For instance given the string ‘/usr/bin/cat’ how can I write a query that finds the row containing ‘/usr/’ which is the beginning of ‘/usr/bin/cat’.
My first guess is to use LIKE this way:
SELECT * FROM my_table
WHERE '/usr/bin/cat' LIKE CONCAT(prefix, '%')
But I’m afraid this query won’t be using the index I have on the prefix column.
I also came up with the following:
SELECT * FROM my_table
WHERE prefix <= '/usr/bin/cat' ORDER BY prefix DESC LIMIT 1
Which retrieves the prefix equal to or immediately preceding ‘/usr/bin/cat’ in lexicographical order. I can then verify whether that prefix actually begins with ‘/usr/bin/cat’ or not.

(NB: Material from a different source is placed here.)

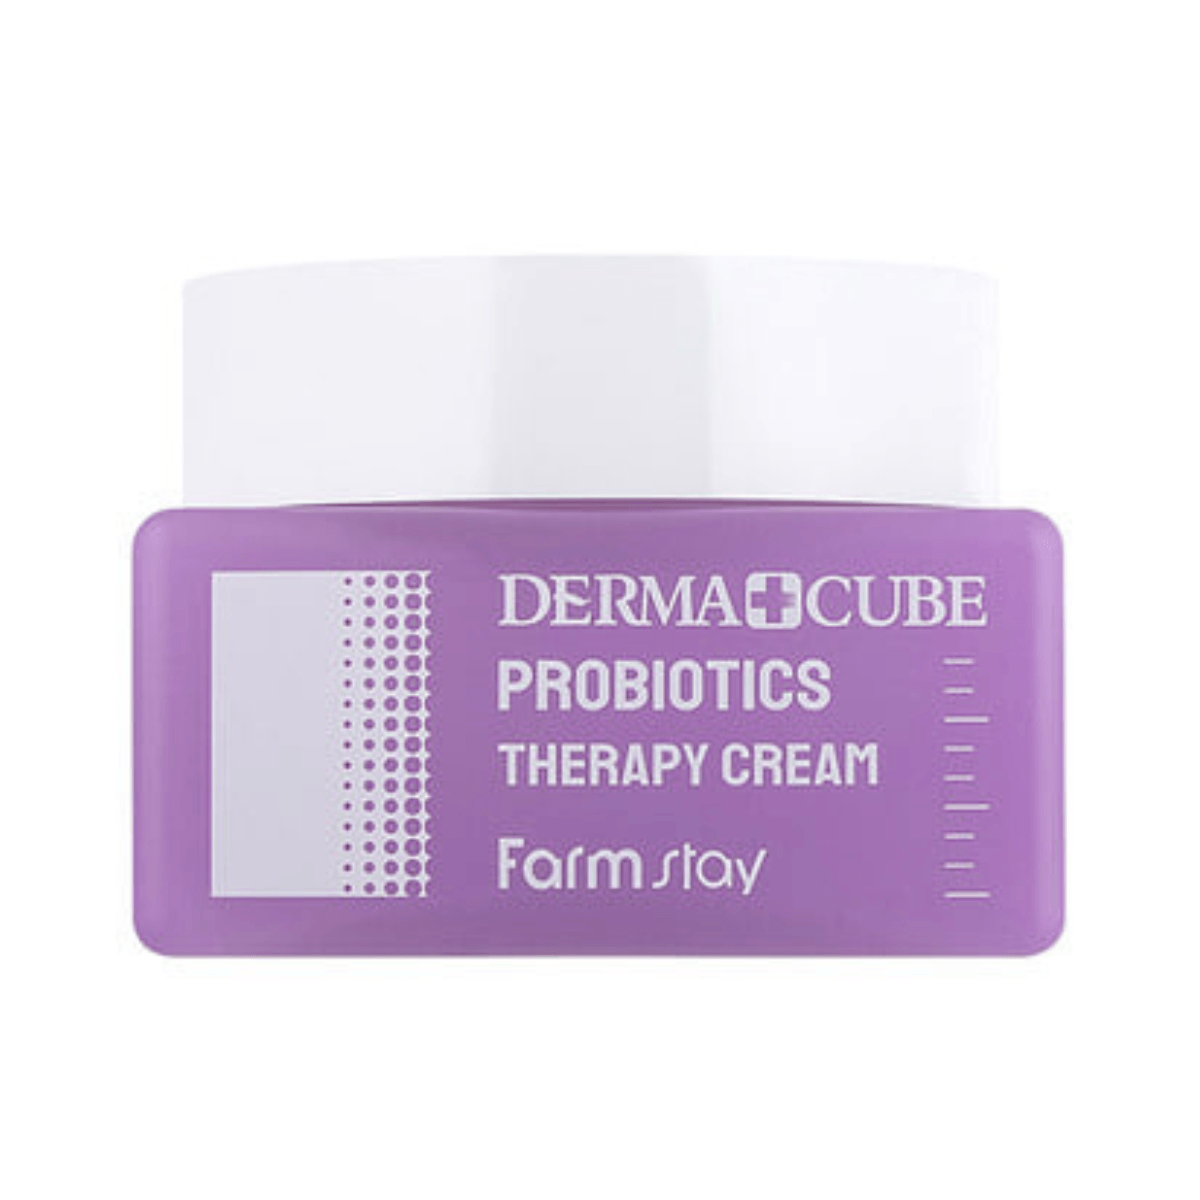 Farmstay - Derma Cube Probiotics Therapy Cream - Korea skincare day cream - Ushops
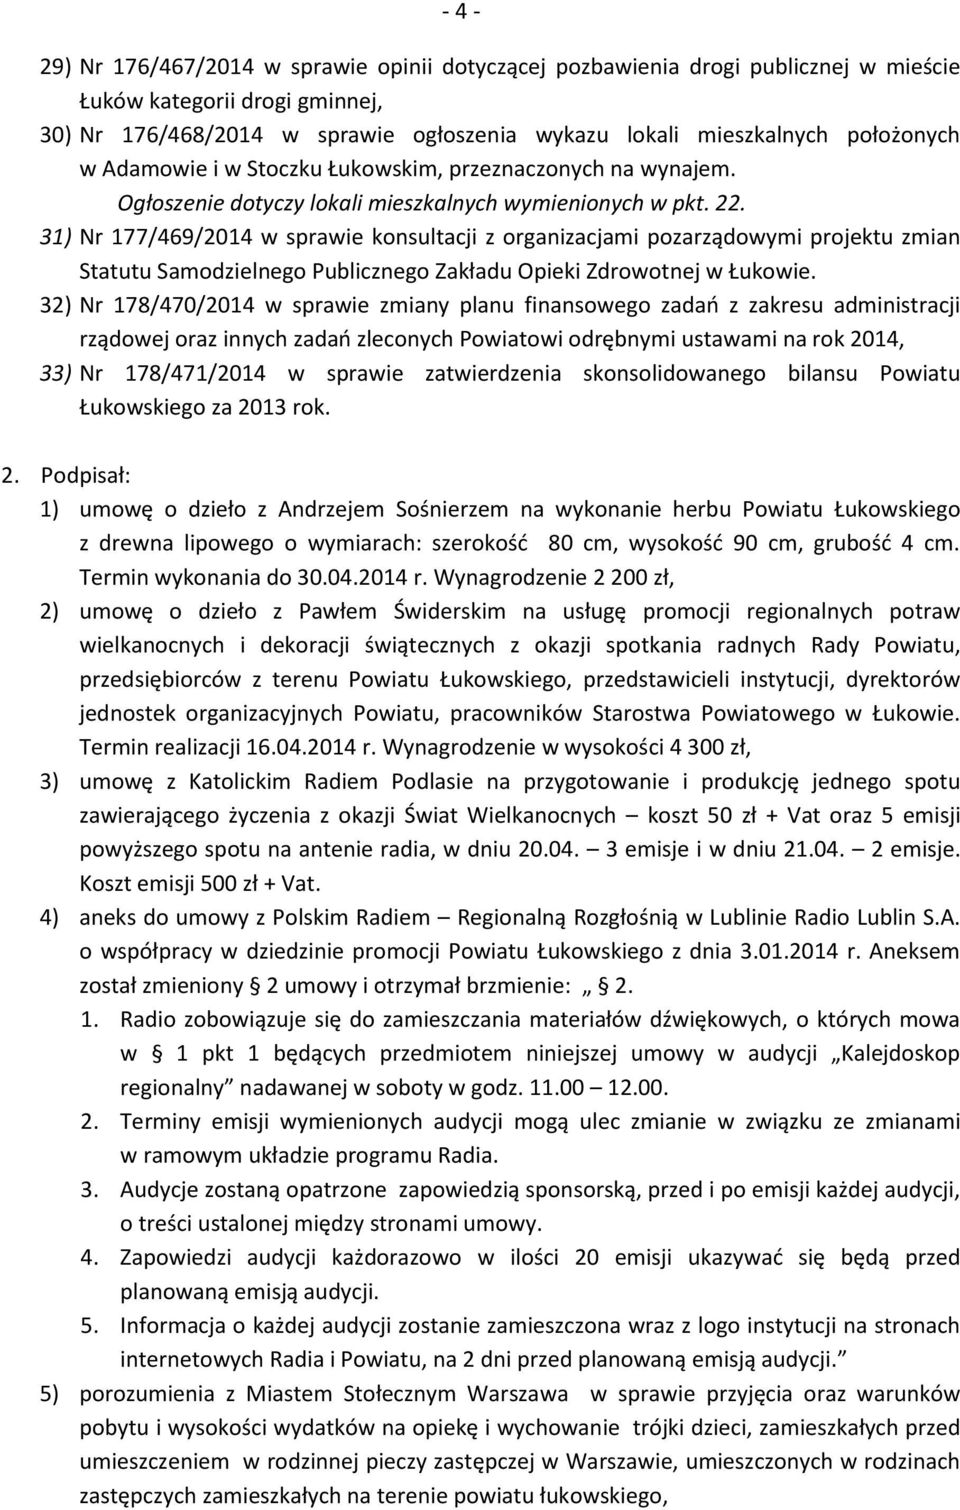 31) Nr 177/469/2014 w sprawie konsultacji z organizacjami pozarządowymi projektu zmian Statutu Samodzielnego Publicznego Zakładu Opieki Zdrowotnej w Łukowie.

But that only works with a single row and I wonder if that’s the optimal solution.
Edit: I used root directories as an example but I’d like to know if there’s a way to deal with arbitrary strings as well. Perhaps these strings won’t contain path separators or the prefix could be several level deep. Say: ‘/usr/lib’.
Edit: It seems that my second query is bogus. ‘/usr/’ is smaller than ‘/usr/bin/cat’ but so is ‘/usr/a’. That query is still much faster than a full table scan on a large table but to make it work I have to fetch more rows and go through them until I find the first actual prefix.
So it seems an index can help in this kind of prefix search but I still don’t know the best way to take advantage of it.
— situation: We do not know where the string can be cut.
— But we must know maximal length of the prefix.
— EDIT: It would also help to know the minimal length of prefix – to eliminate lots of false positives that we do not want to find. (min = 2 characters).
— This will definitely use the index: in this example it is max.8 characters. x = 8
— in your application, just try to generate such SQL query:
— No full table scan,just (x – min +1) times uses the index. Hopefully this will be FAST enough! 🙂